3 minute read
SEEING THE INVISIBLE
Being able to see deep inside an object with chemical selectivity would have implications across a wide spectrum of applications. The ability to detect cancer could be such a ground-breaking step forward.
A Southampton research project to advance the capabilities of nuclear magnetic resonance (NMR) and magnetic resonance imaging (MRI) is on the road to major breakthroughs that will have the potential to influence everything from fundamental physics to physical medicine.
The project is called Functionalised Magnetic Resonance Beacons for Enhanced Spectroscopy and Imaging, or FunMagResBeacons for short.
Malcolm Levitt, Professor of Physical Chemistry, is leading the six-year project. He explained: “This project is about some new frontier advances in NMR which can enhance the signal strength, or the brightness of the signals, for NMR and MRI by very large factors – up to 100,000 times. We’re using a phenomenon called hyperpolarisation, which is being developed fairly intensively around the world, including by us in Southampton. “This project is specifically about developing chemical agents and techniques involving applying pulses of magnetic fields and so on, in order that these bright signals appear in the presence for example of a molecule you would like to detect.”
Detecting enzymes
The ability to detect certain types of cancer is just one potential outcome of the project. To do that, the advances being made will be able to detect a particular enzyme.
Malcolm said: “The cancer cells are attached to a matrix of tissue in the body and they produce a certain enzyme which allows the cells to cut away from the tissue and then float away in the bloodstream and metastasize. That’s how cancer manages to infect other parts of the body.
“We would like to find a way to detect this enzyme as that would enable the possibility of localising the cancer and prevent it from breaking away into other parts of the body. One of the aims of this project is to find a way of imaging the locations when this enzyme is found by using these very bright NMR or MRI signals.”
Cancer is just one example of the potential influence this research project could have. Another example could be detecting changes in acidity, as the potential is there to develop agents which appear bright in regions of high acidity.
Halfway point
The FunMagResBeacons team is halfway through the six-year, €2.76 million project. It’s being funded by an Advanced Grant from the European Research Council, and is the second Advanced Grant Malcolm has won.
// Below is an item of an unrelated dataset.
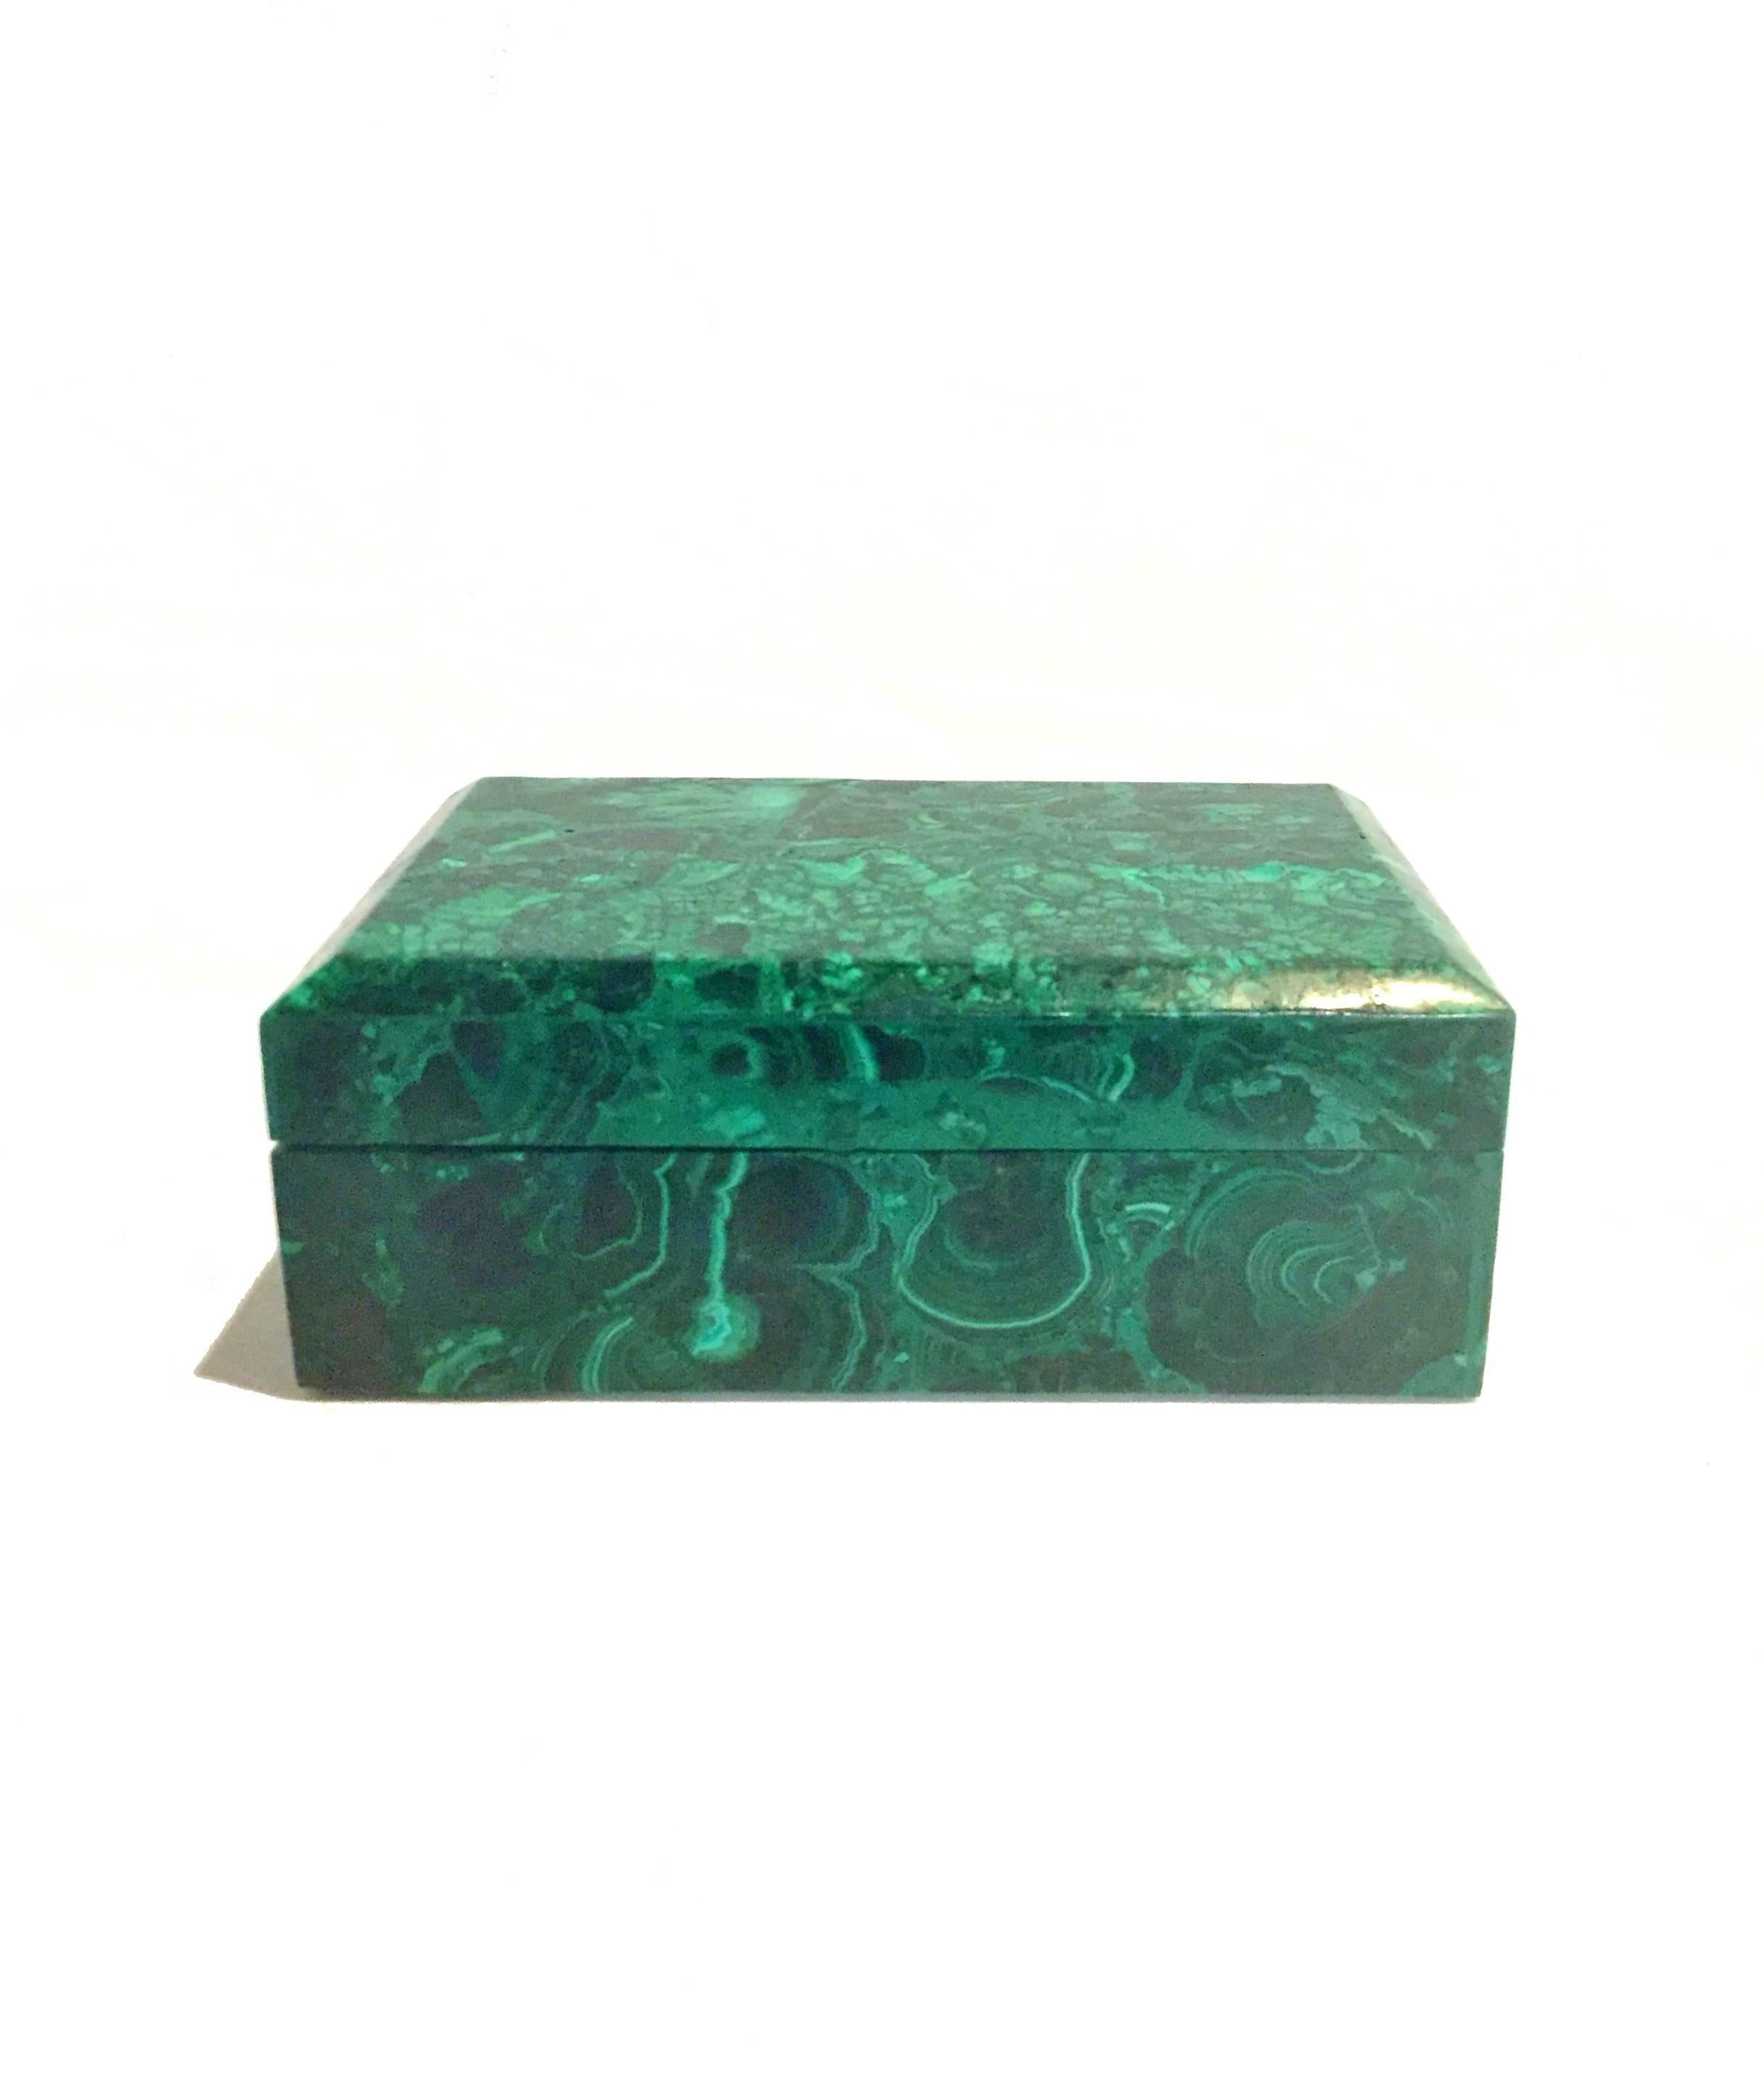 This extraordinary box is made with the most beautiful malachite. All natural with splendid swirls and patterns, this remarkable piece is a sophisticated addition to your desk.

Malachite is a stone of transformation, helping one achieve balance

He said: “To get to the point we’re at now where we can start to develop the technique, we had to develop a much deeper understanding of some of the phenomena we are trying to exploit. We found some unexpected issues which are very interesting from the perspective of our research field, and we found that some of the standard knowledge in the field proved to not be correct. Since we are exploring the hyperpolarised states, which are unusual, we came upon some phenomena which we did not expect and it has taken time to resolve this.”
The research team, which also includes Professor Lynda Brown, Postdoctoral Research Fellows Christian Bengs, Mohamed Sabba, Gamal Moustafa, Soumya Singha Roy, Jyrki Rantaharju and Laurynas Dagys, Graduate student Jamie Whipham, and Research Engineer Weidong Gong, is now focusing on optimising the hyperpolarised experiments.
“We have enhanced NMR signals, so that part of the project has been proceeding well,” said Malcolm. “We will make substantial progress before the end of the project. I don’t think we will be detecting cancer by the end, but we will be providing the tools to enable that to be done.”
The potential outcomes of the project would have exciting implications that could benefit us all.
“It’s a great thing to have this team working on a very ambitious and difficult project,” added Malcolm. “It’s a project that, if we do pull it off, would very fulfilling on a personal level and might have real world applications. Despite my long career in the field, which has been successful on an academic level, I haven’t developed anything that directly benefits people, so it’s a real dream to do the good science and at the same time do something of benefit to the wider community.”